Fast, small JavaScript library simplifying DOM manipulation, event handling, and AJAX. Still used by 77% of the top 10M websites.
Websites Using jQuery
What Is jQuery?
jQuery is a fast, small JavaScript library that simplifies DOM manipulation, event handling, animation, and AJAX interactions. Created by John Resig in 2006, jQuery became the most widely used JavaScript library in history, and despite the rise of modern frameworks, it remains present on approximately 77 percent of the top 10 million websites.
Historical Significance
jQuery solved real problems in the mid-2000s when browser APIs were inconsistent and verbose. Writing document.getElementById was replaced with $(), cross-browser event handling was normalized, and AJAX requests that required different code for different browsers worked consistently. jQuery made JavaScript accessible to web designers and backend developers.
Core Features
DOM Manipulation through the $ selector engine (powered by Sizzle) provides CSS selector-based element selection with chaining for multiple operations. Event Handling normalizes browser differences with a consistent .on() API. AJAX provides $.ajax(), $.get(), and $.post() for HTTP requests with promise support.
Animation includes .fadeIn(), .slideDown(), .animate(), and other methods for creating visual effects. Plugin Architecture enabled thousands of community plugins for carousels, date pickers, form validation, modals, and more.
Current Relevance
Modern browsers have adopted standardized APIs (querySelector, fetch, addEventListener) that address many problems jQuery originally solved. New projects typically use frameworks like React, Vue, or Svelte instead of jQuery. However, jQuery's presence on existing websites ensures it remains one of the most encountered technologies on the web.
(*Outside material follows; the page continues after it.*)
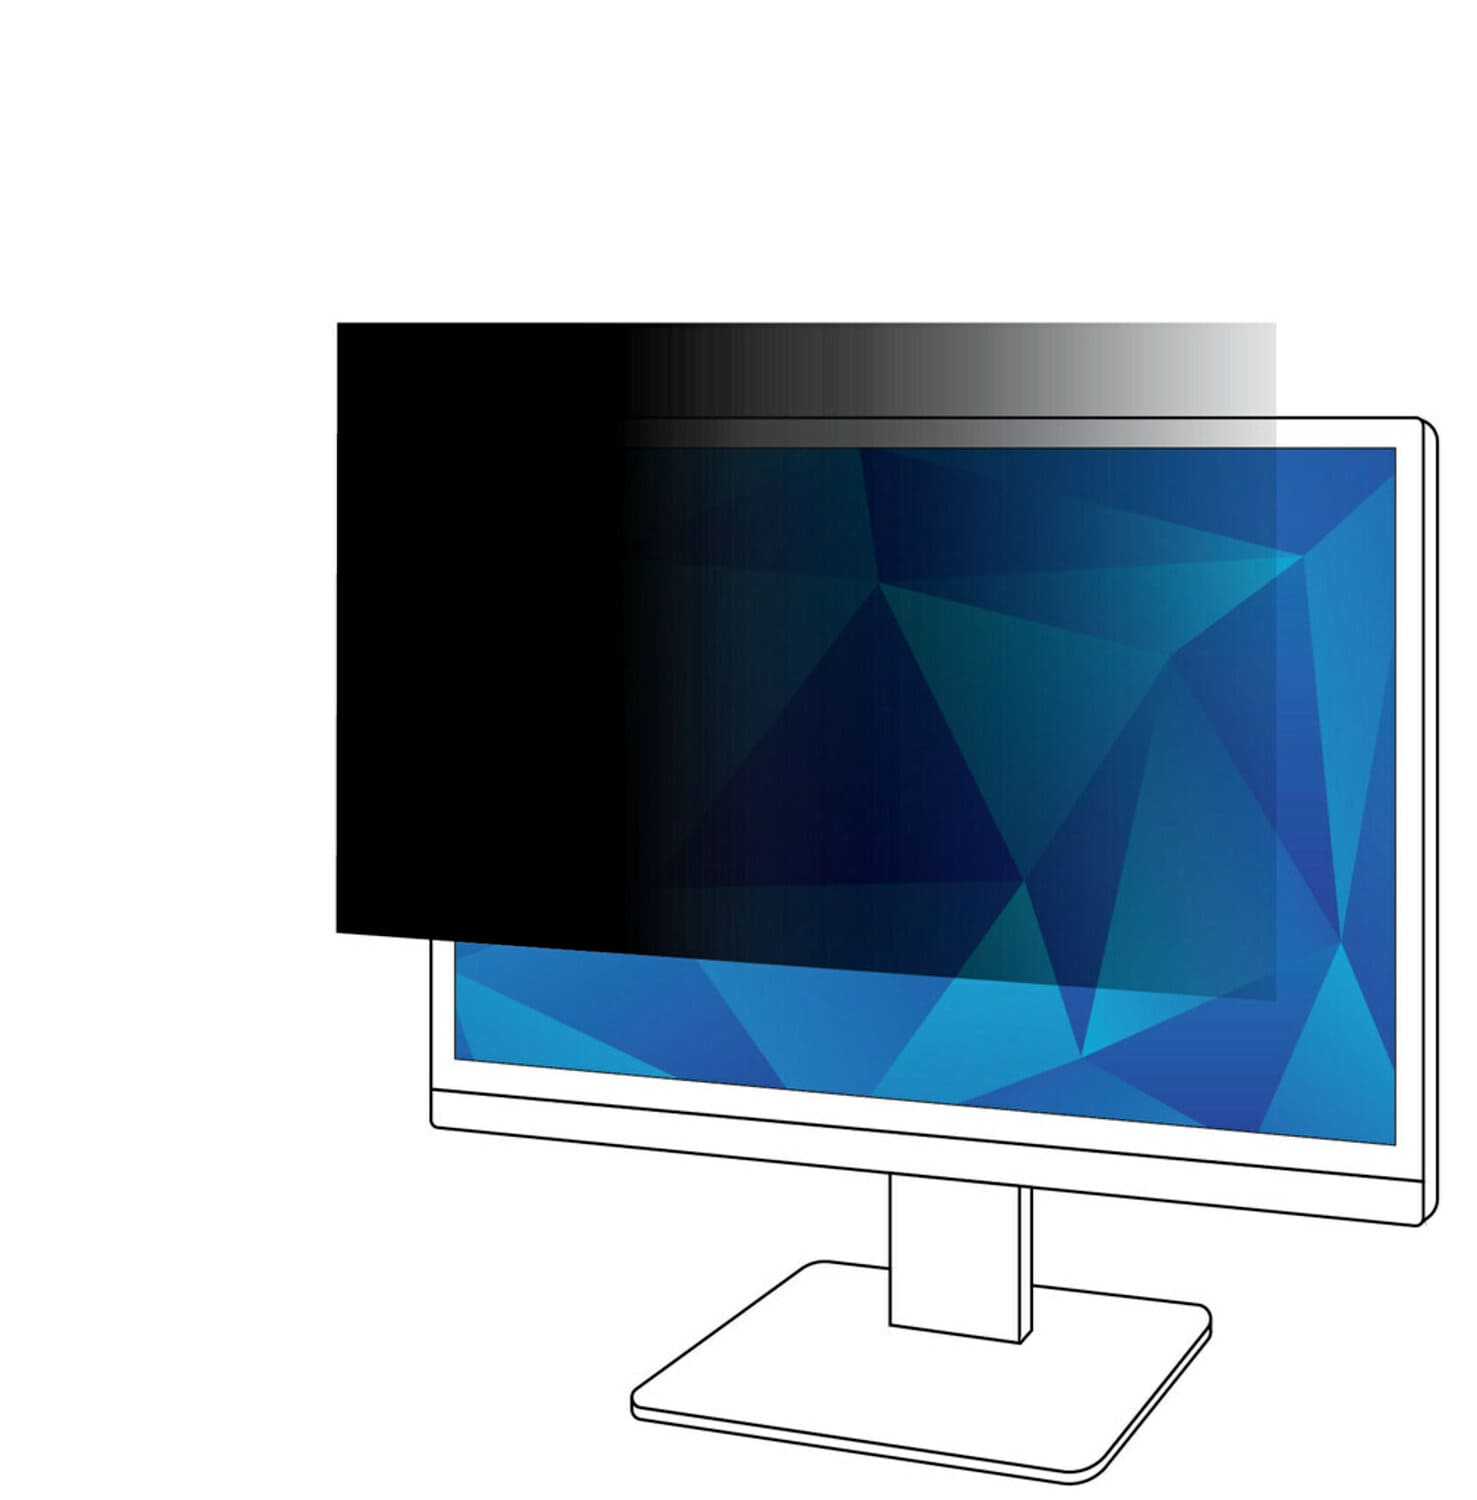 7100036575 - 3M Privacy Filter for 19.5in Monitor, 16:9, PF195W9B

WordPress, Bootstrap (prior to v5), and countless legacy applications depend on jQuery, meaning web developers frequently encounter and need to understand it even if they don't choose it for new projects.
Why jQuery Still Matters
Understanding jQuery remains valuable because of its massive installed base. Millions of websites, WordPress plugins, and legacy applications depend on it. For simple enhancements to existing pages without build tools or framework overhead, jQuery continues to provide a pragmatic solution.